### Records provided
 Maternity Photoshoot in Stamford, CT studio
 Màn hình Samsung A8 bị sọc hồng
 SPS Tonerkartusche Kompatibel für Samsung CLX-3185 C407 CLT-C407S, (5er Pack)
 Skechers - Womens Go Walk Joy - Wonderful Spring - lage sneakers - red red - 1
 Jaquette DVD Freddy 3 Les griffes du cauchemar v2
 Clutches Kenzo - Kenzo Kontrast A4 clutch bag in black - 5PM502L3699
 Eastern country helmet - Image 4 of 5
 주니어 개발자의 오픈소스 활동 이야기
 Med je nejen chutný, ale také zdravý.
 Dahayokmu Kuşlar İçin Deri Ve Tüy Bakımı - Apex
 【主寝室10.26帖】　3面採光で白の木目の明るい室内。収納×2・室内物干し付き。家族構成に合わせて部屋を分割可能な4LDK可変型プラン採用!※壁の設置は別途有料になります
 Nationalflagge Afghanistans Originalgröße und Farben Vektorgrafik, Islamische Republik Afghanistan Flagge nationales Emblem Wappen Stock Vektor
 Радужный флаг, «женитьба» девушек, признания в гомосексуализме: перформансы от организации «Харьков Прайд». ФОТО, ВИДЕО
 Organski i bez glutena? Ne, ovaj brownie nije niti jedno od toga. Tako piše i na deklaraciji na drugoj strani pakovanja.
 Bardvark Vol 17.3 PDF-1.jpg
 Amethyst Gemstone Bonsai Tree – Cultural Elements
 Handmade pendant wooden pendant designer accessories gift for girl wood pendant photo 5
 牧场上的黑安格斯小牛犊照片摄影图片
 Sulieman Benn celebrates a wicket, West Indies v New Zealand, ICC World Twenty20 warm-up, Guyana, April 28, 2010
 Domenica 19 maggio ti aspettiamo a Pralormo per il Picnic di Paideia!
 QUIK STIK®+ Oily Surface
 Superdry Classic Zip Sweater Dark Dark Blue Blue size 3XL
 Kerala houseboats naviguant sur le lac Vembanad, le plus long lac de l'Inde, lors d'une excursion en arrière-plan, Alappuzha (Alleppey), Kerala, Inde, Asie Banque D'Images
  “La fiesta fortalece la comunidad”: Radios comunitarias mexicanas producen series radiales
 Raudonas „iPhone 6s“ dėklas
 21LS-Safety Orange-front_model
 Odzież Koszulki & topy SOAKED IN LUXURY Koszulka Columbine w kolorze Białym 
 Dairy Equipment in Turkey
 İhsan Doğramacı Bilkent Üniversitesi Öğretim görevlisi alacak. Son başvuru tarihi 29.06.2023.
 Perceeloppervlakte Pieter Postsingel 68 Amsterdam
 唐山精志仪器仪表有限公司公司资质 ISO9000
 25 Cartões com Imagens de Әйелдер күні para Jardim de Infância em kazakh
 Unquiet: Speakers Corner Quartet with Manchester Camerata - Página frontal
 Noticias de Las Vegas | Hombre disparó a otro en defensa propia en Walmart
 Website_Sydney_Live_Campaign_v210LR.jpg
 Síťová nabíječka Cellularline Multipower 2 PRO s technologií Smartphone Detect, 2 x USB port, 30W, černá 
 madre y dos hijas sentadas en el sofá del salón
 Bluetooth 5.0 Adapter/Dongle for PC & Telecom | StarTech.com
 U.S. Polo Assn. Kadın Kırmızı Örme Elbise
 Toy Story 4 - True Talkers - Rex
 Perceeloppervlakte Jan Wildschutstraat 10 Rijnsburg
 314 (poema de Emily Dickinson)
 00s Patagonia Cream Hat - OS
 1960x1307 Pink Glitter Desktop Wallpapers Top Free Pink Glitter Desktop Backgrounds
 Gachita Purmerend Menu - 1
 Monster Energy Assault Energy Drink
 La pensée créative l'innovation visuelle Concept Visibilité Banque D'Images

### Goal of the exercise
The answer must consist solely of the lines from the first line of the data to the line holding "Jaquette DVD Freddy", each given again exactly.

### Reply
 Maternity Photoshoot in Stamford, CT studio
 Màn hình Samsung A8 bị sọc hồng
 SPS Tonerkartusche Kompatibel für Samsung CLX-3185 C407 CLT-C407S, (5er Pack)
 Skechers - Womens Go Walk Joy - Wonderful Spring - lage sneakers - red red - 1
 Jaquette DVD Freddy 3 Les griffes du cauchemar v2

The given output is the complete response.